Title: Luna’s Quiet Judgment
Luna never meant for it to become a habit. The first time had been out of necessity—Libby was exhausted, pale from sleepless nights, and Levi wouldn’t stop crying. His tiny body trembled with a kind of fragile urgency that made Luna uneasy. He seemed… weaker than the others. Smaller. Slower. As if the world had already taken too much from him before he had a chance to grow into it.
“Just this once,” Libby had murmured, too tired to argue, placing Levi into Luna’s arms.
But once became twice, and then something unspoken settled between them.

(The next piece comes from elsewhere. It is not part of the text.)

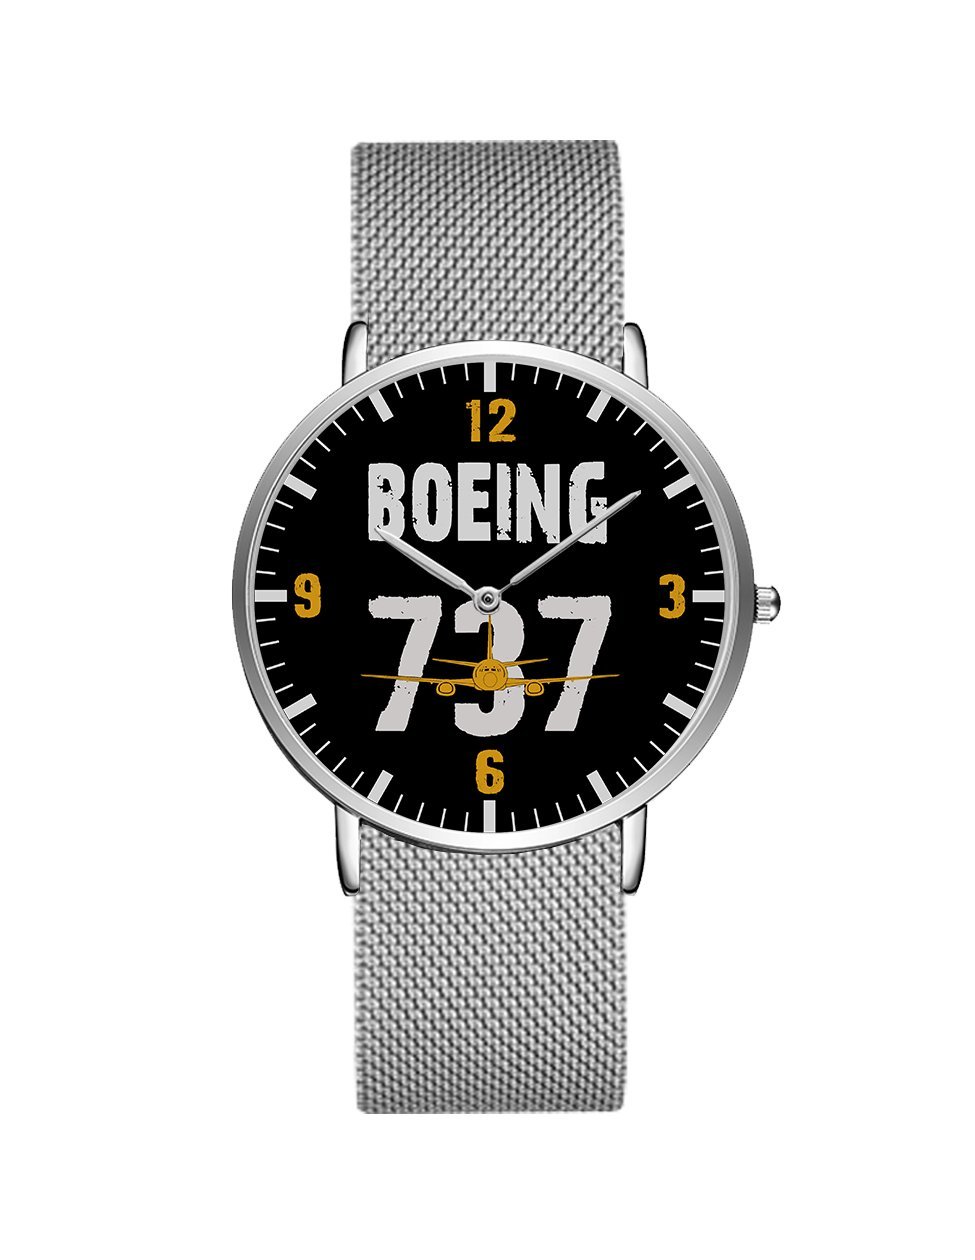 Boeing 737 Designed Stainless Steel Strap Watches Pilot Eyes Store Silver & Silver Stainless Steel Strap

Luna watched Levi differently than the others did. Where Libby saw a child who needed love and patience, Luna saw vulnerability—something that, in her mind, demanded intervention. Strength mattered. It always had. And Levi, with his soft cries and delicate frame, seemed like he might slip through the cracks if someone didn’t step in.
So Luna did.
She told herself it was practical. That she was helping. That Levi needed more than what Libby alone could give. But deep down, her reasoning was sharper, more judgmental than she dared admit aloud: he was weak, and weakness required correction.
When Levi fed, he clung tightly, as if instinctively aware of his own fragility. Luna felt it in the way his fingers curled, in the urgency of his breathing. It stirred something complicated in her—not quite tenderness, not quite control, but something in between.
Libby noticed, of course. She wasn’t blind to the growing pattern, nor to the subtle shift in Luna’s demeanor whenever Levi was involved.
“You don’t have to keep doing this,” Libby said one evening, her voice gentler than the tension in her eyes.
Luna shrugged, avoiding her gaze. “He needs it.”
“He needs me too.”
The words lingered longer than either of them expected.
Luna finally looked down at Levi, now sleeping peacefully against her. For a moment, her certainty wavered. Maybe it wasn’t just about strength or weakness. Maybe it never had been.
But habits, once formed, are hard to break—especially when they’re built on beliefs you’re not ready to question.